Make an exact copy of the listing underneath, skipping each picture.

__DATA SEGMENT__.
########
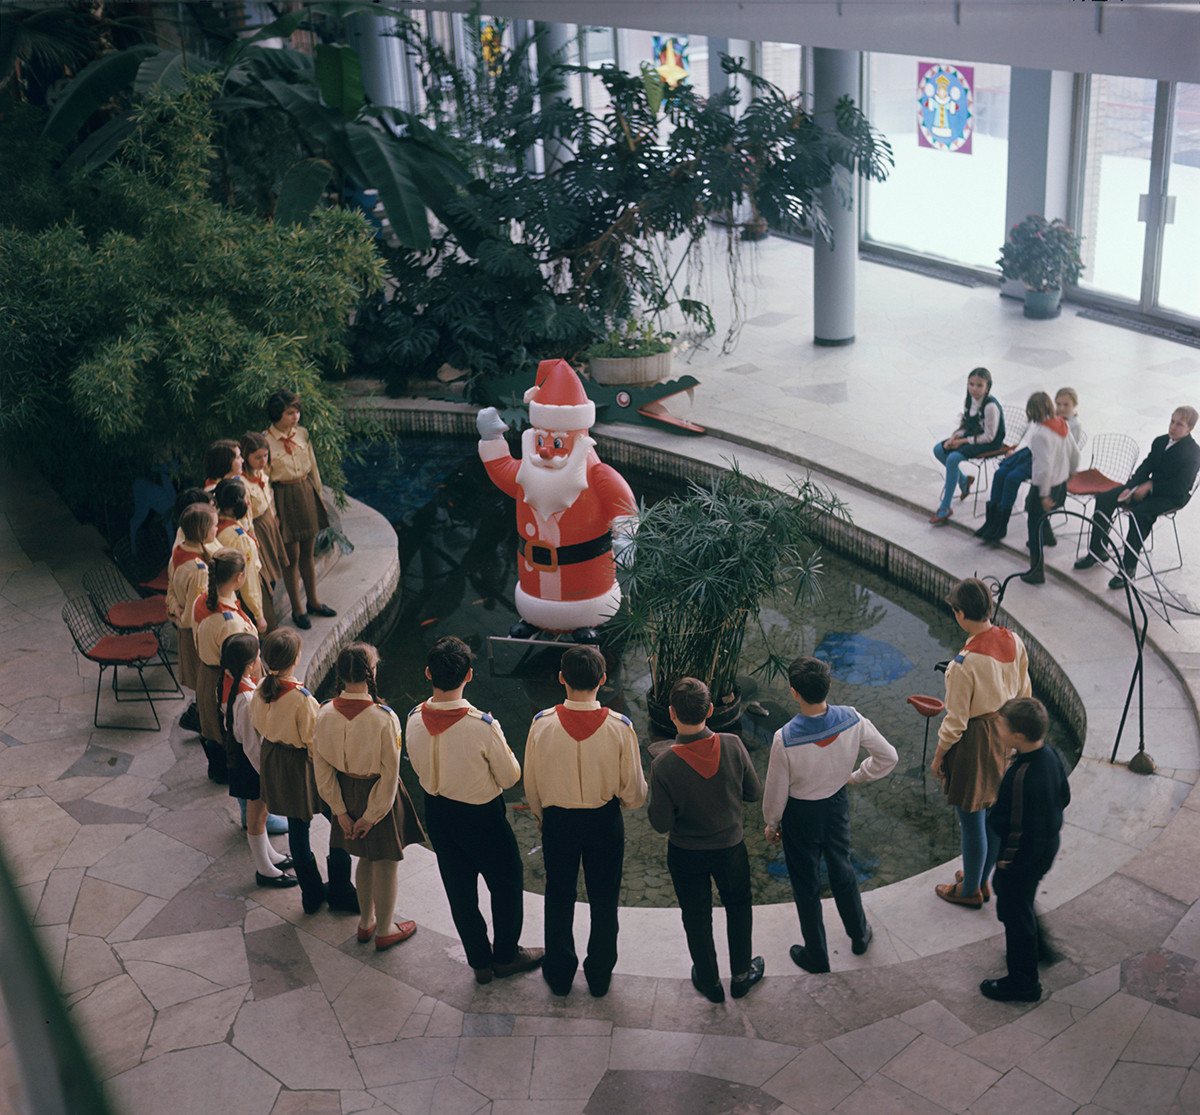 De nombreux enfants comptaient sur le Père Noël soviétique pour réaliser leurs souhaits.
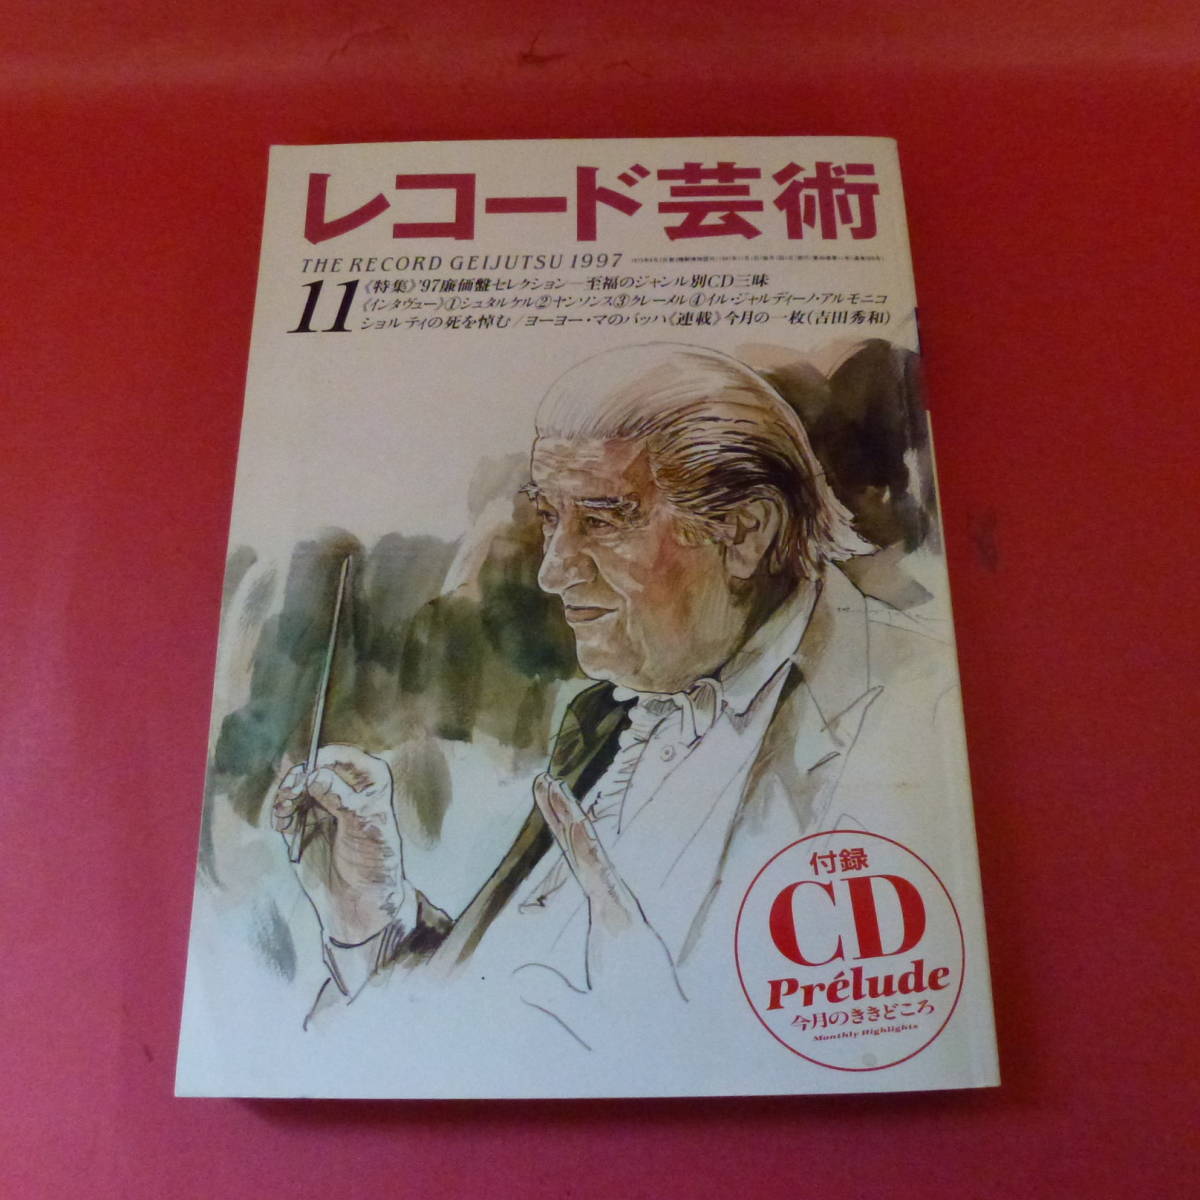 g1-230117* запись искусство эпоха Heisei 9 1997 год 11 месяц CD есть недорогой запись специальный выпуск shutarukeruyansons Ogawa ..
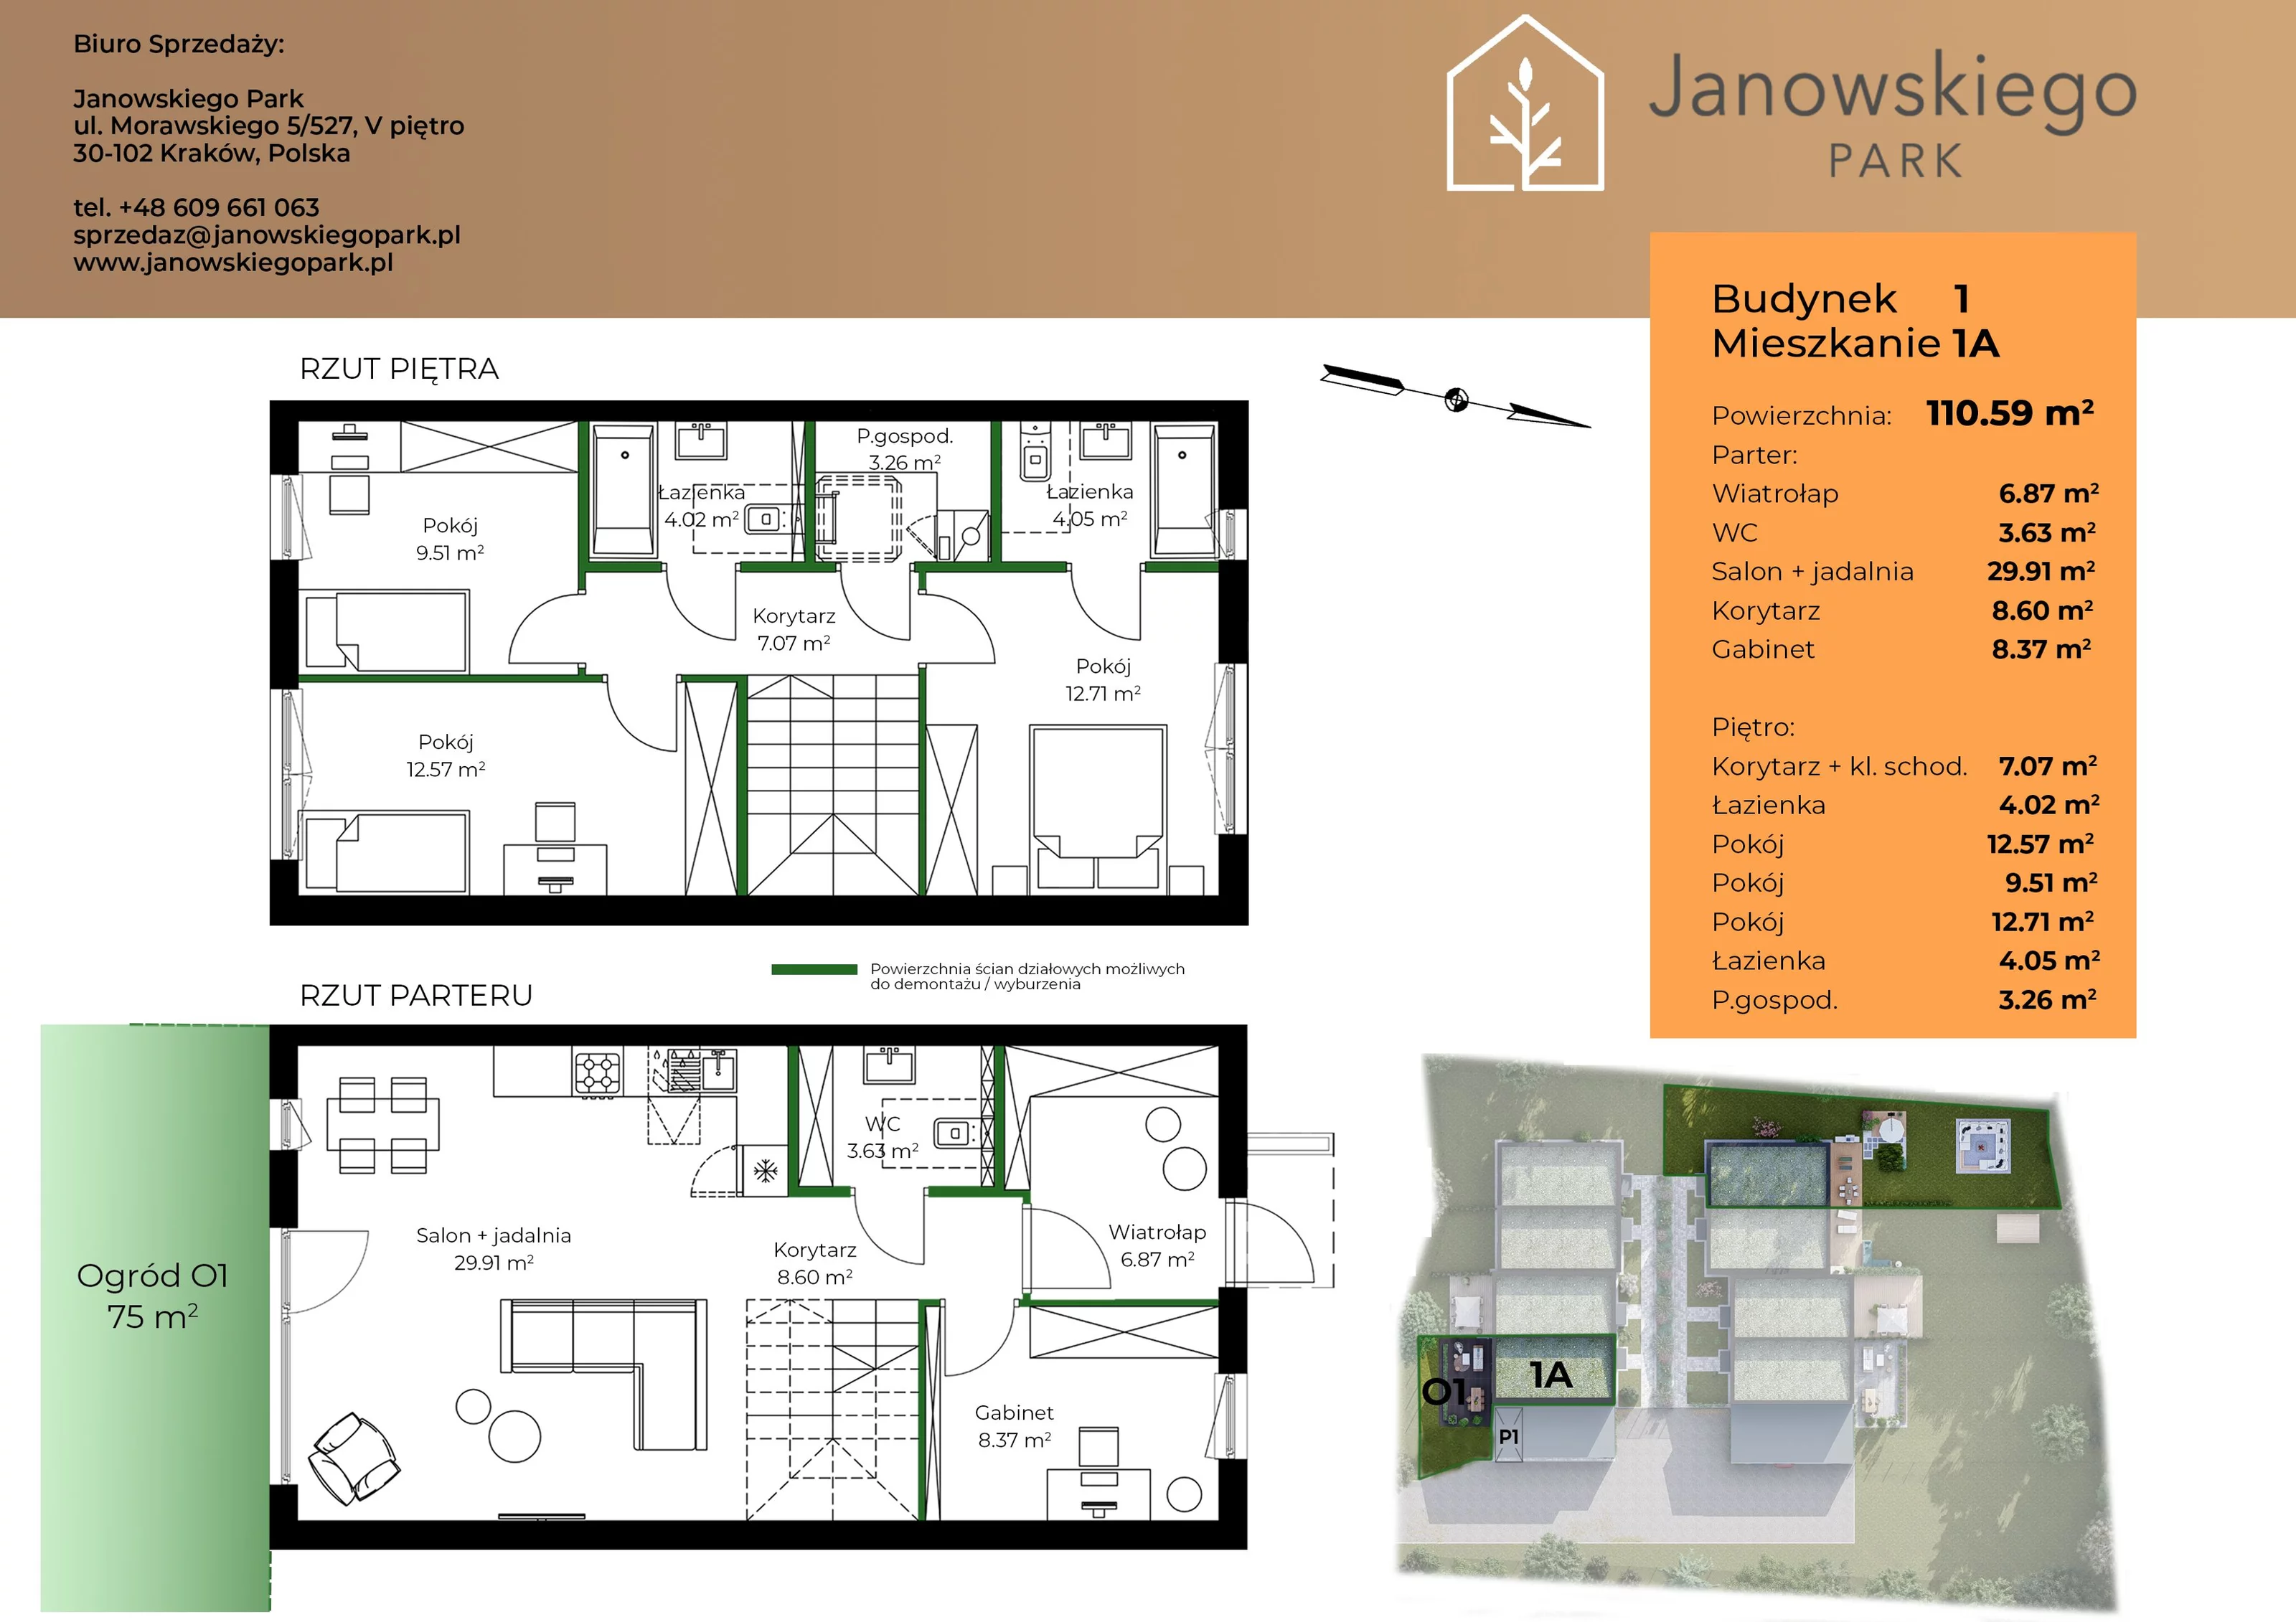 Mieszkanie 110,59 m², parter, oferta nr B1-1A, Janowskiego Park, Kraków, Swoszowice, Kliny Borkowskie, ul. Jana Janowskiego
########
__YOUR SOLUTION__.
 De nombreux enfants comptaient sur le Père Noël soviétique pour réaliser leurs souhaits.
 g1-230117* запись искусство эпоха Heisei 9 1997 год 11 месяц CD есть недорогой запись специальный выпуск shutarukeruyansons Ogawa ..
 Mieszkanie 110,59 m², parter, oferta nr B1-1A, Janowskiego Park, Kraków, Swoszowice, Kliny Borkowskie, ul. Jana Janowskiego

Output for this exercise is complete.